- Edgar (Ray Park) is captured by Noah to be interrogated.
- Episode no.: Season 4 Episode 14
- Directed by: Jeannot Szwarc
- Written by: Jim Martin
- Production code: 414
- Original air date: January 4, 2010

Guest appearances
- Ray Park as Edgar; Dawn Olivieri as Lydia; Elisabeth Röhm as Lauren Gilmore; David H. Lawrence XVII as Eric Doyle; Dawn-Lyen Gardner as Elizabeth; Justin Evans as Simon Petrelli; Jackson Wurth as Monty Petrelli;

Episode chronology
| ← Previous "Upon This Rock" | Next → "Close to You" |
- Heroes season 4

= Let It Bleed (Heroes) =

"Let It Bleed" is the fourteenth episode of the fourth season of the NBC superhero drama series Heroes, the seventy-second episode overall. It is the second episode in the 2-part mid-season premiere after the 2009 holiday hiatus. The episode aired on January 4, 2010.

==Plot==

After escaping from the carnival, Edgar attempts to kill Noah Bennet in a rage, though Noah stops him with a taser. Keeping him in a freezer to slow down his heart rate and prevent him from escaping, Noah begins to interrogate him about the Carnival. Edgar doesn't reveal much, but Lauren suggests he stop torturing him and simply try talking with him. Noah suggests they work together to stop Samuel Sullivan, to which Edgar finally agrees and gives him detailed information about the Carnival layout. After Noah and Lauren begin discussing a raid on the area, Edgar becomes worried that people may be harmed, saying their home must remain intact and that Samuel is the only problem. Edgar escapes from his bonds and flees, taking the drawn Carnival map with him.

At Nathan Petrelli's wake, Peter Petrelli and Claire talk about how their elders, Angela Petrelli and Noah, had always lied to them, including Nathan's death. Angela is worried that Peter's grief may cause him to get himself harmed, and urges Claire to help him deal with Nathan's death. Claire talks to Peter in the kitchen where she cuts herself whilst chopping vegetables. The cut hurts her and does not immediately heal. Peter explains that he still has the Haitian's ability to block others' abilities.
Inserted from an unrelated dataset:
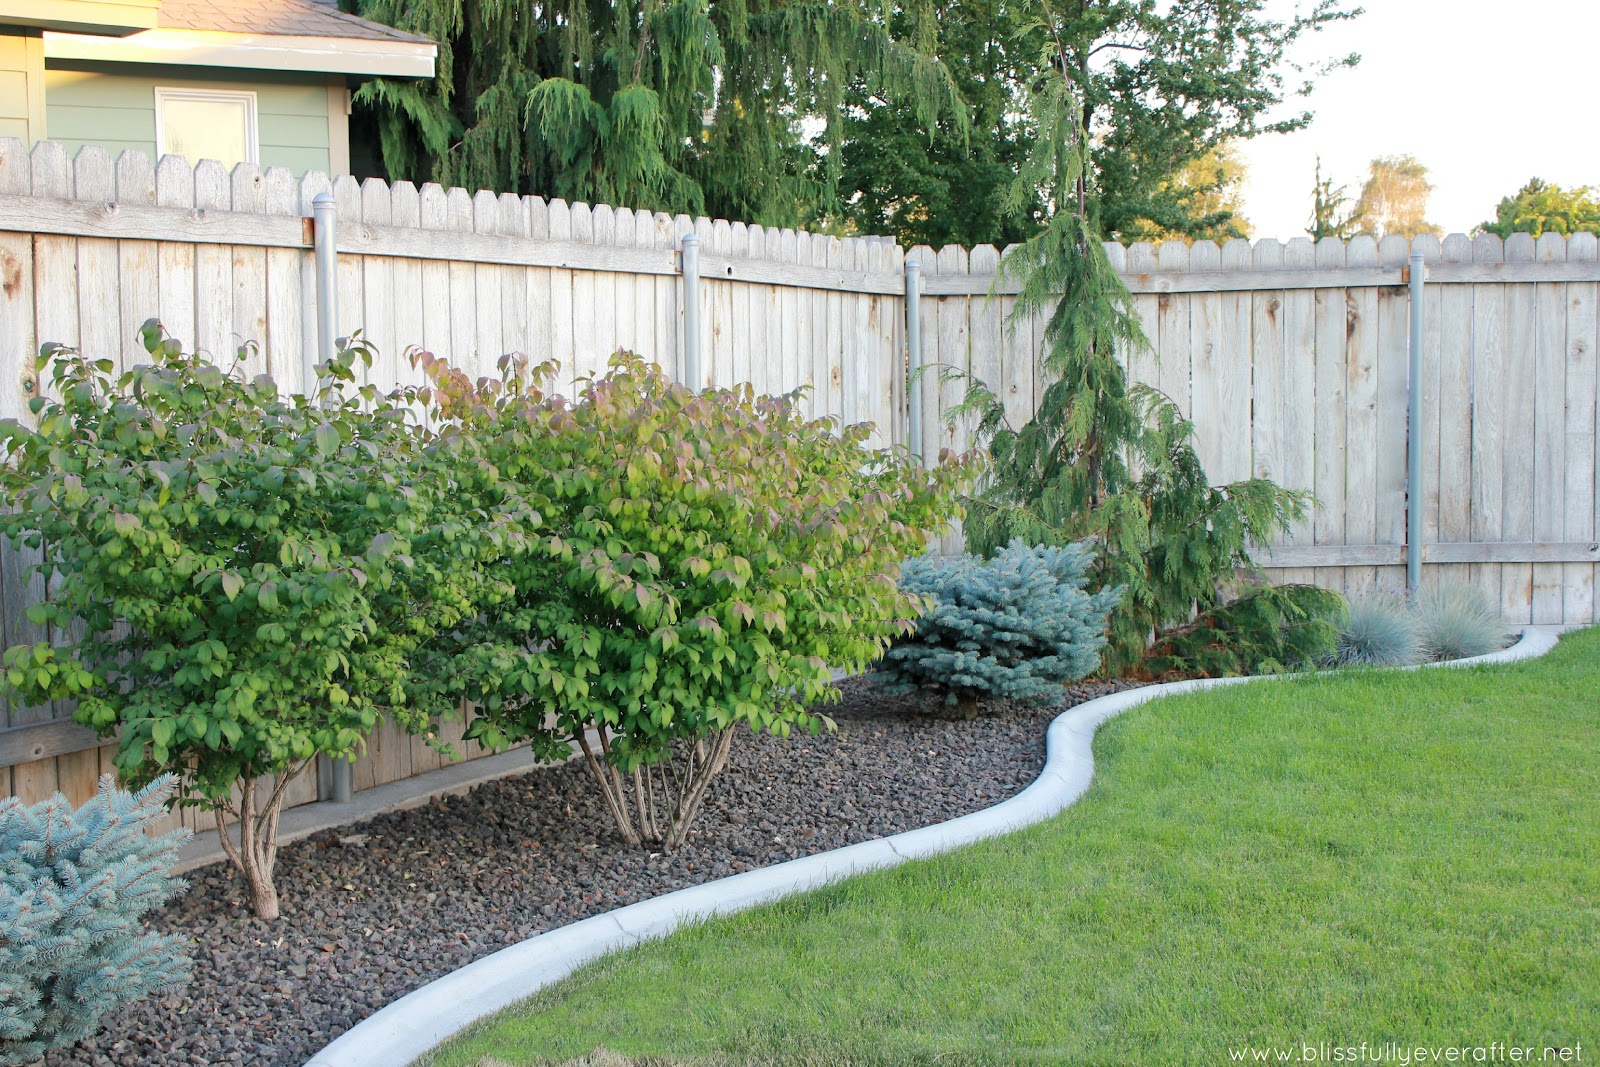 Yes landscaping Custom: Front yard landscaping ideas for bi level

Shortly afterwards Claire discovers that Peter has gone to try to stop a crazed office worker from killing his colleagues after being fired. Claire finds Peter attempting to stop the bleeding from one of the wounded; Peter then instructs her to help the woman while he goes to stop the shooter despite Claire's protests. The gunman approaches Claire, though Peter arrives and attempts to talk him down. Though he almost succeeds, the gunman shoots him, though not before Peter manages to subdue him. Peter copies Claire's ability to heal, though not before Claire makes sure Peter won't do anything reckless again. Later, Peter and Claire talk on a rooftop, where Peter promises Claire he won't go after Sylar for revenge. He then asks Claire if she is still in touch with her ex-boyfriend, who had the ability to fly. Later, Peter is shown flying off into the sky in honor of Nathan.
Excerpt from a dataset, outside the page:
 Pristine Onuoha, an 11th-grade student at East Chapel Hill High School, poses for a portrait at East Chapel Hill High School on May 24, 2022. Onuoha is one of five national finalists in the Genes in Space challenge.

Sylar returns to the carnival, confronting Samuel over what he plans to do with all the people with abilities he has been collecting. Sylar pins Samuel to a wall but finds he can't kill him. Samuel uses the opportunity to incapacitate Sylar with his abilities. Samuel then asks Lydia to use her powers on Sylar to find what he really wants. Lydia reveals to Samuel that Sylar is afraid of dying alone, after being told the same thing by Hiro Nakamura years earlier. Sylar acquires Lydia's ability and discovers she wants to use Sylar for her own means, specifically to stop Samuel, and angrily leaves her. Samuel reveals to Sylar that he loved a woman, Vanessa, though she lives outside the Carnival and Samuel is afraid that she won't accept him for who he really is. Sylar wonders if he is meant to stay or not, and decides to let the ink show. The tattoo on Sylar's arm is revealed to be that of Claire, and the episode ends with Sylar watching Claire through her dorm window.

==Critical reception==
Steve Heisler of The A.V. Club rated this episode together with Upon This Rock a F.

Robert Canning of IGN gave the episode, together with Upon This Rock, 7.3 out of 10.